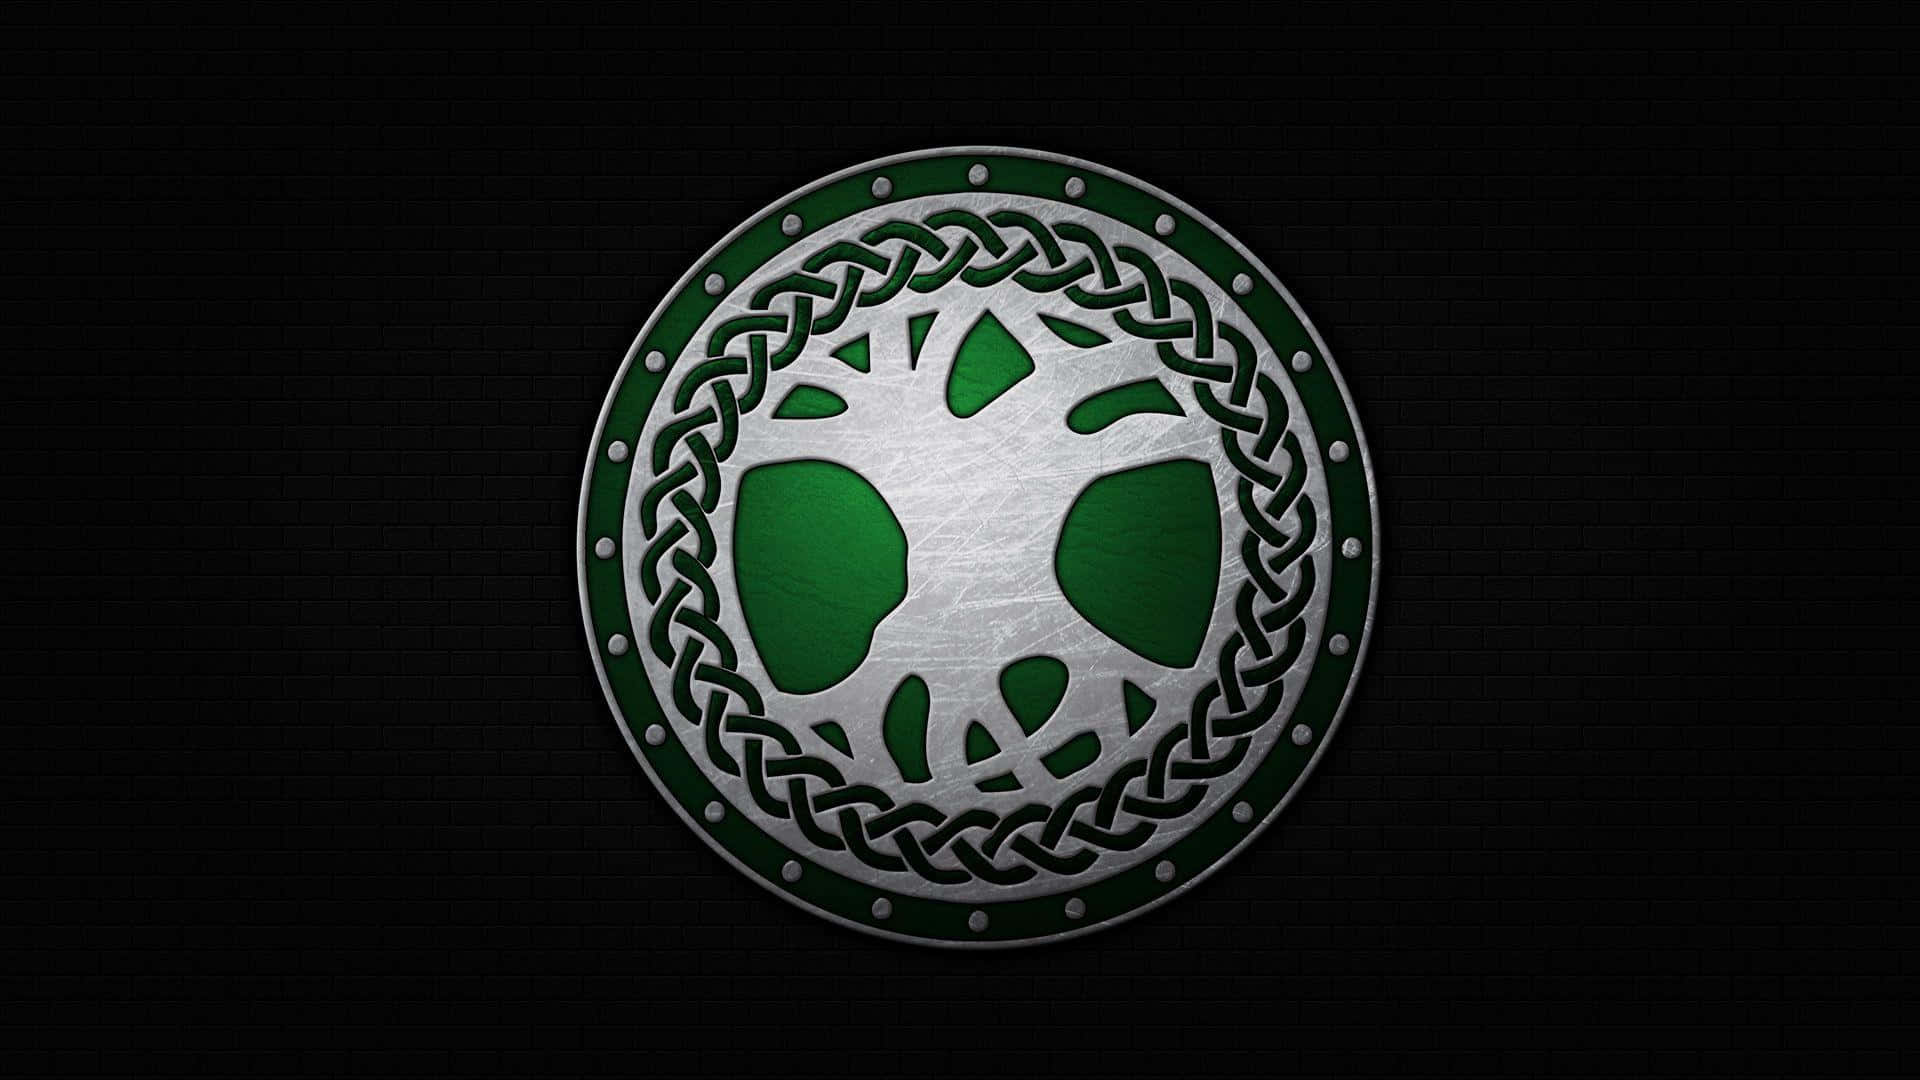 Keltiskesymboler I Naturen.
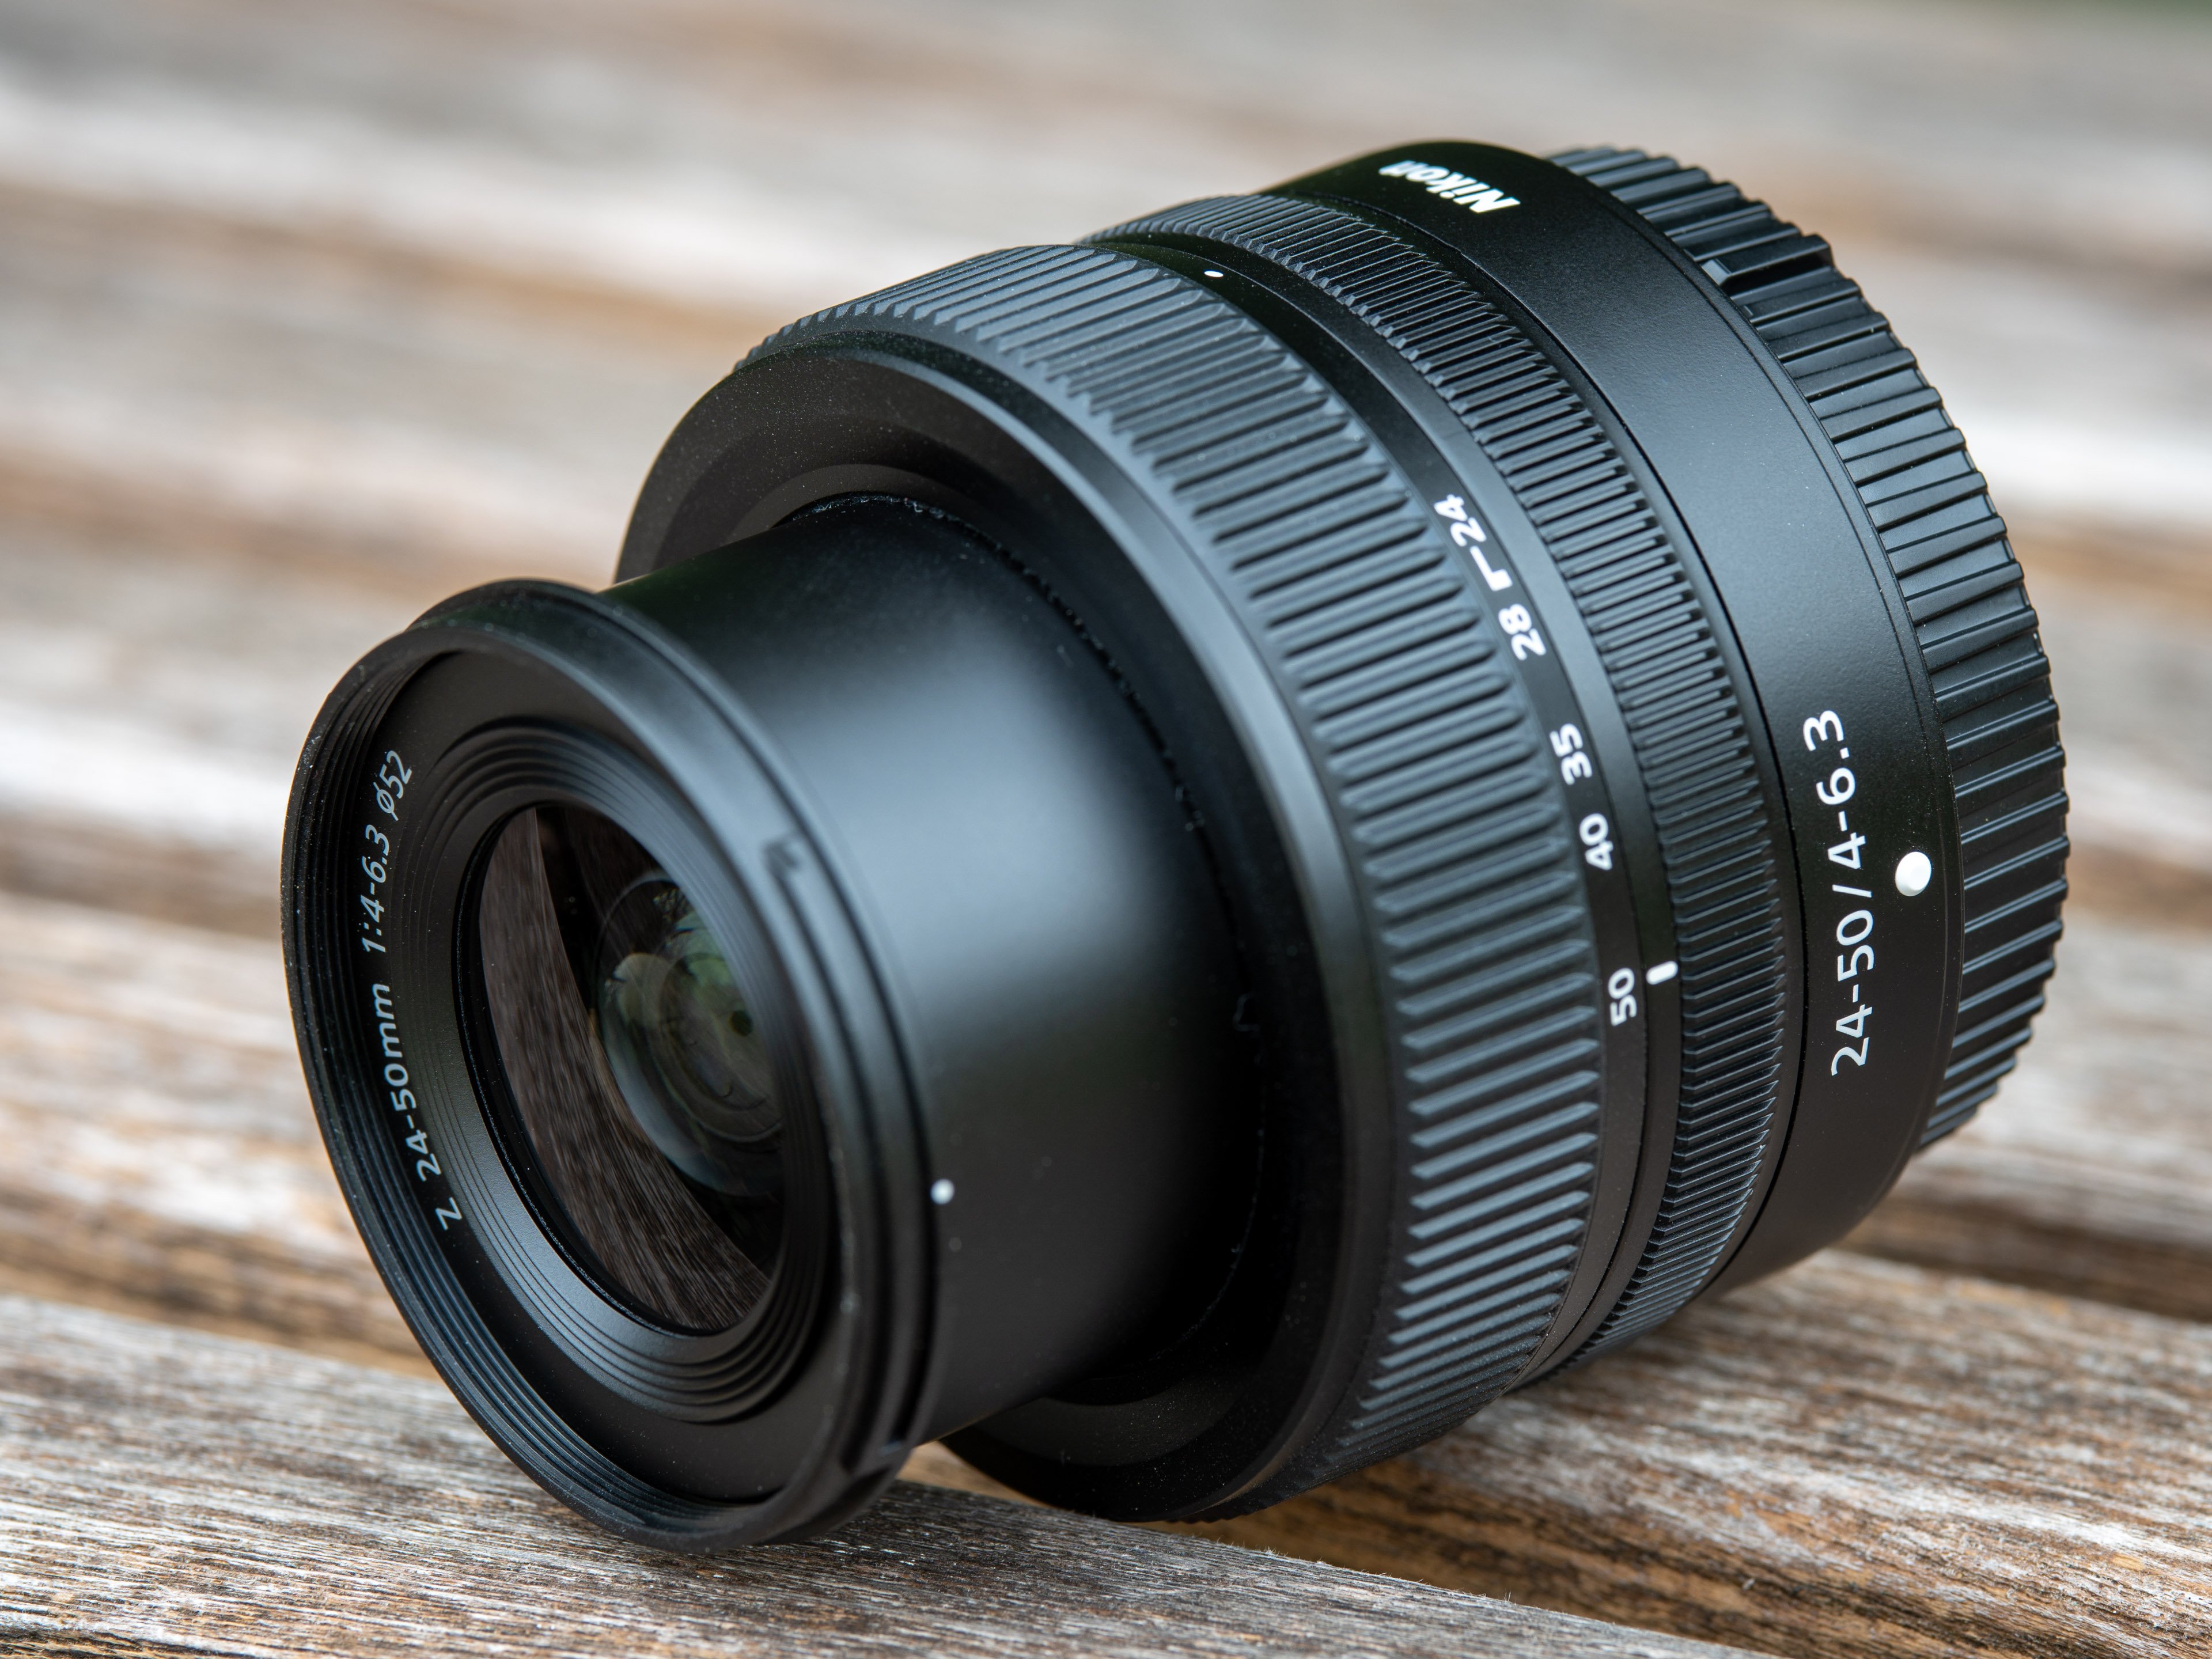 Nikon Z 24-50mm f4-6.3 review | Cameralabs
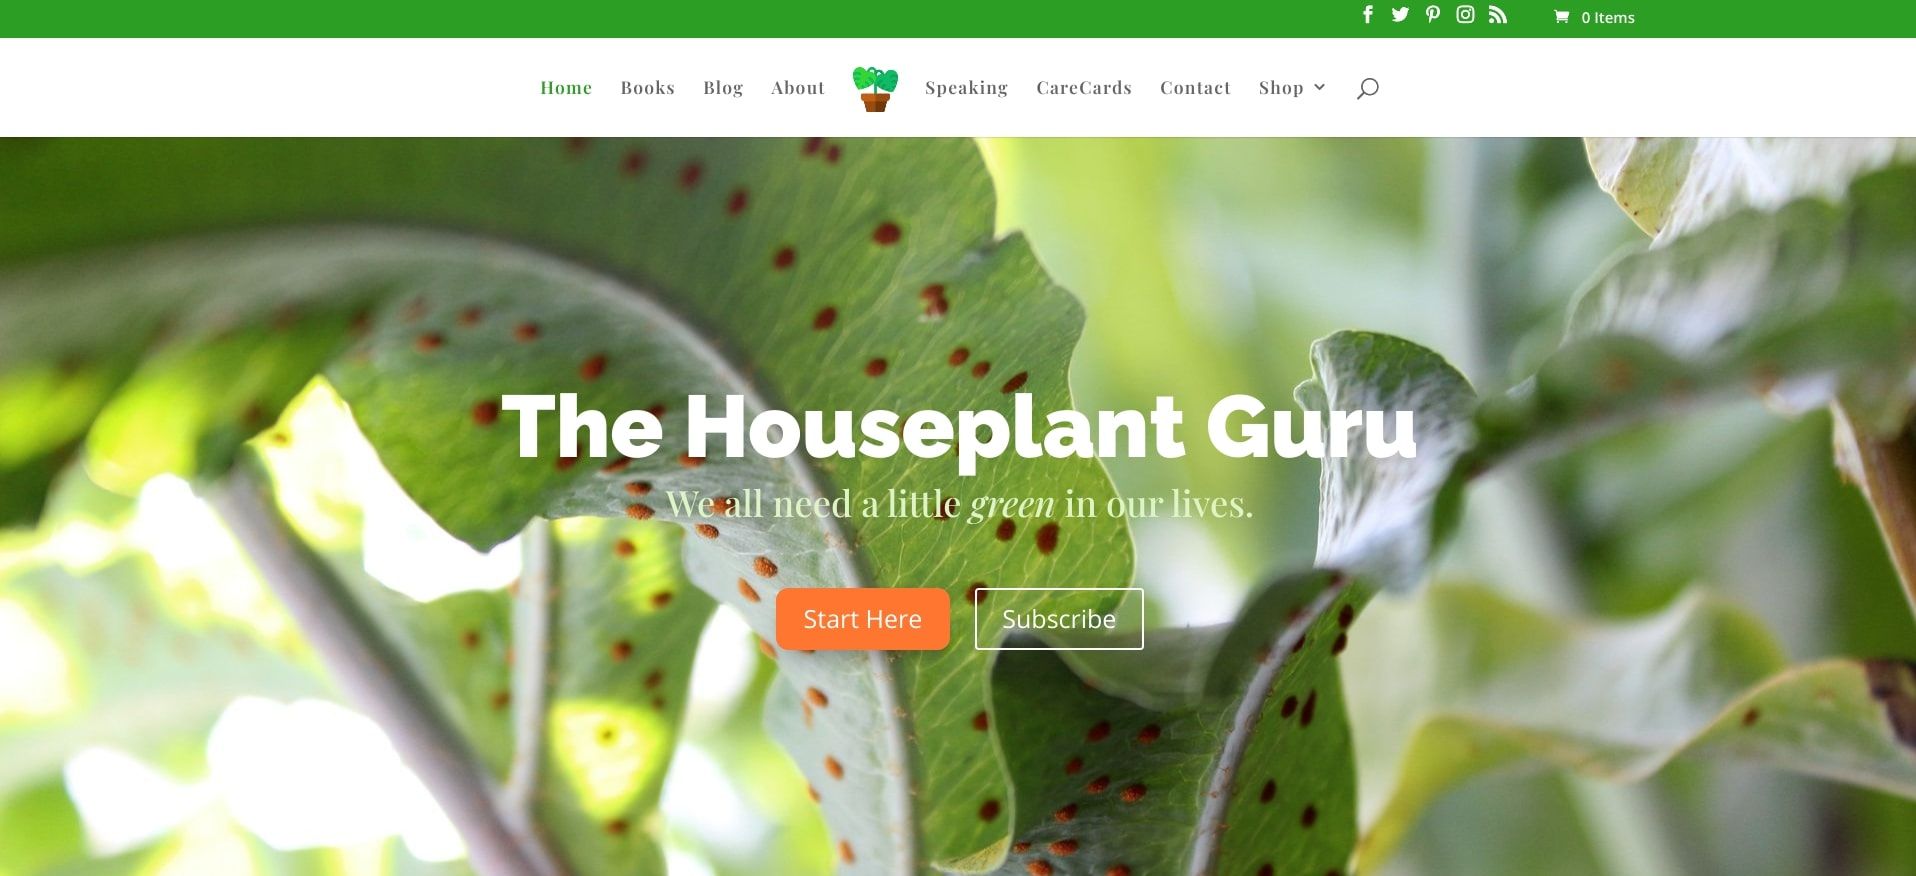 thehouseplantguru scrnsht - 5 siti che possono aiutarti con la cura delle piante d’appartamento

━━━━━━━━━━

Reproduce the listing exactly, but keep its images out of the copy.

 Keltiskesymboler I Naturen.
 Nikon Z 24-50mm f4-6.3 review | Cameralabs
 thehouseplantguru scrnsht - 5 siti che possono aiutarti con la cura delle piante d’appartamento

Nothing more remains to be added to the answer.